Crowned with the honor of being the first African-American woman commissioned as an officer in the Women’s Army Corps, Major Adams hailed from Columbia, SC. Born unto a Southern Minister and a School Teacher, Adams was the eldest of four children.
Already an established school teacher, Adams enlisted in the military in 1942, optimistic and eager to make a difference in a bitter war, as an ally for a country that chose not to acknowledge her rights as a person.
By the spring of 1945, nearing the end of WWII, incoming mail for the soldiers had all but come to a standstill. With the troops in constant movement, daily casualties coupled with lots of care packages from home, the military’s mail problem was insurmountable. Thus, grew the need for the 6888th Central Postal Battalion. Adams was chosen to head up this unit.
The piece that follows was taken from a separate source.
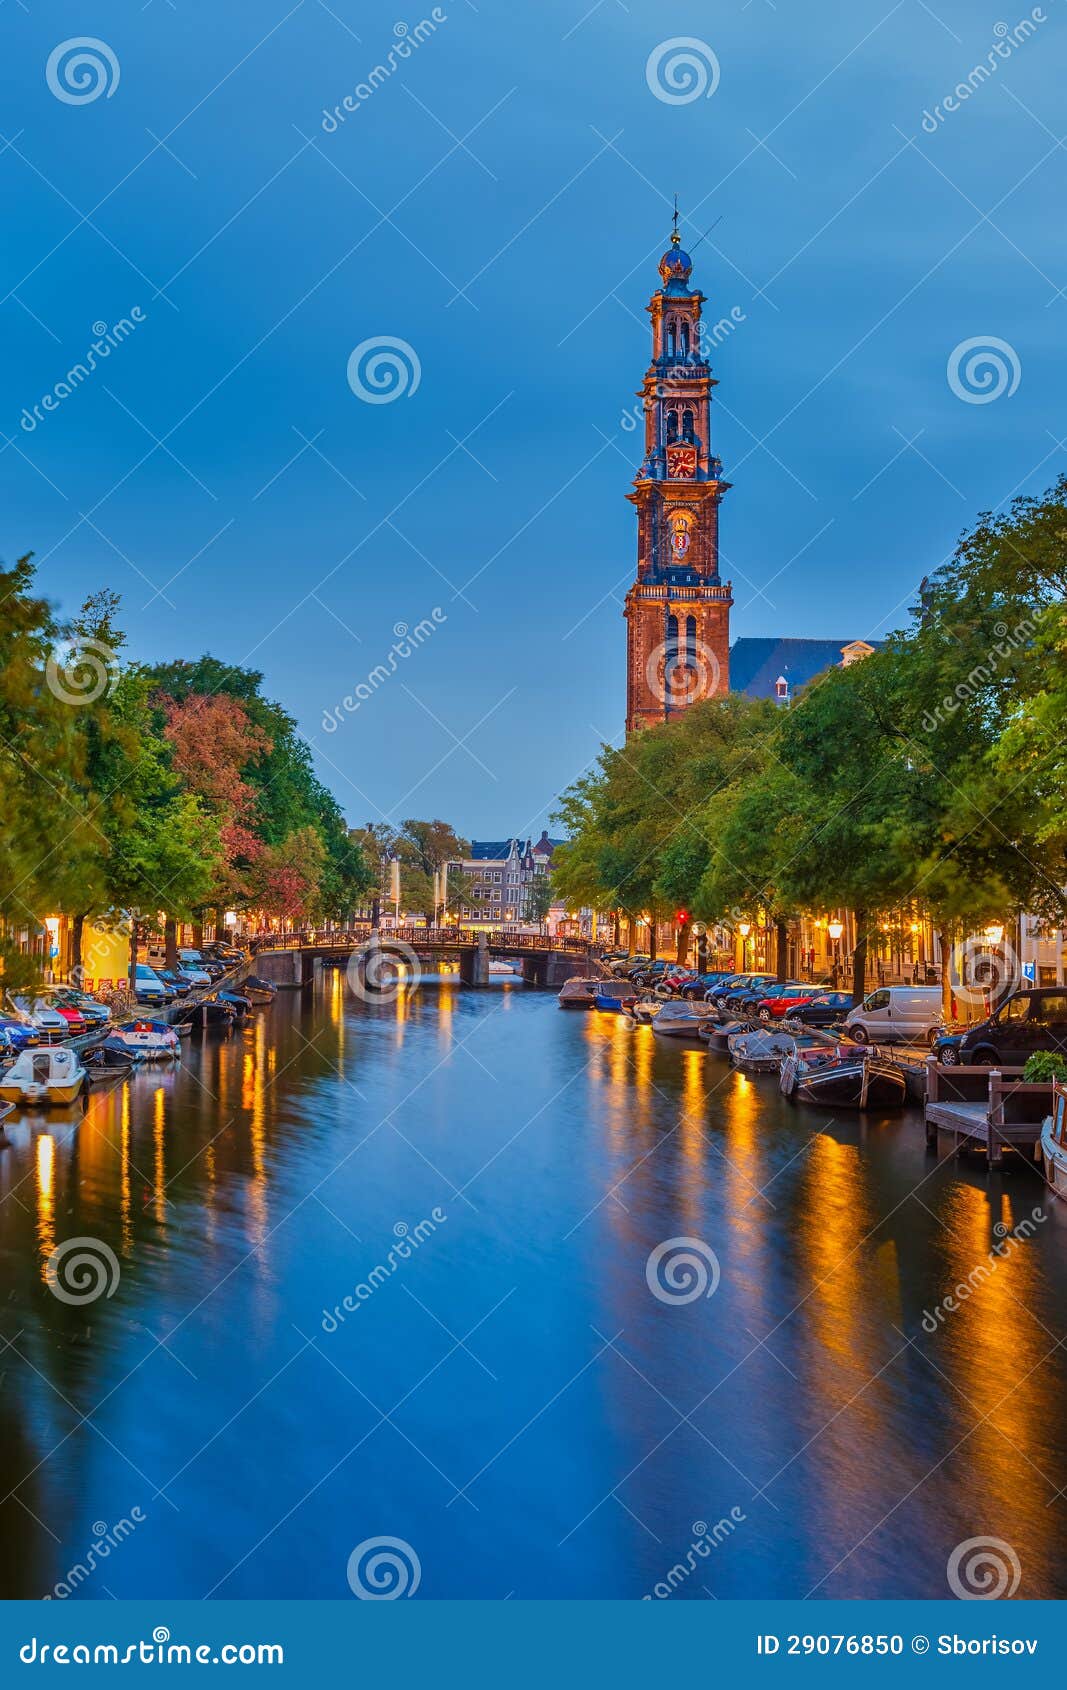 Zachodni kościół w Amsterdam. Zachodni kościół na Prinsengracht kanale w Amsterdam

Skilled in the art of organization, Adams had her troops processing mail round the clock in 8 hour shifts, 24 hours per day.
The 6888th Central Postal Battalion, which was the Army’s only African-American unit was the only unit to serve overseas during World War II. Being Commander of this unit was a very distinguished honor, considering the limits on positions held by minorities in the military.
Adams’ career was laced with adversity and hardship. She yet prevailed. In 1989, thirteen years before her death, she penned her memories of the military, adding author to her list of accomplishments.
After gaining the rank of lieutenant colonel, Adams left the military in 1946. As a civilian, she went on to earn multiple post-secondary degrees, lived abroad, and volunteered tirelessly in many philanthropic community projects. She passed away in 2002, leaving behind a legacy of courage, tenacity and perseverance, not easily rivaled. Hats off to you, Major Charity Adams Earley. Thank you for your service. You are a true inspiration to all.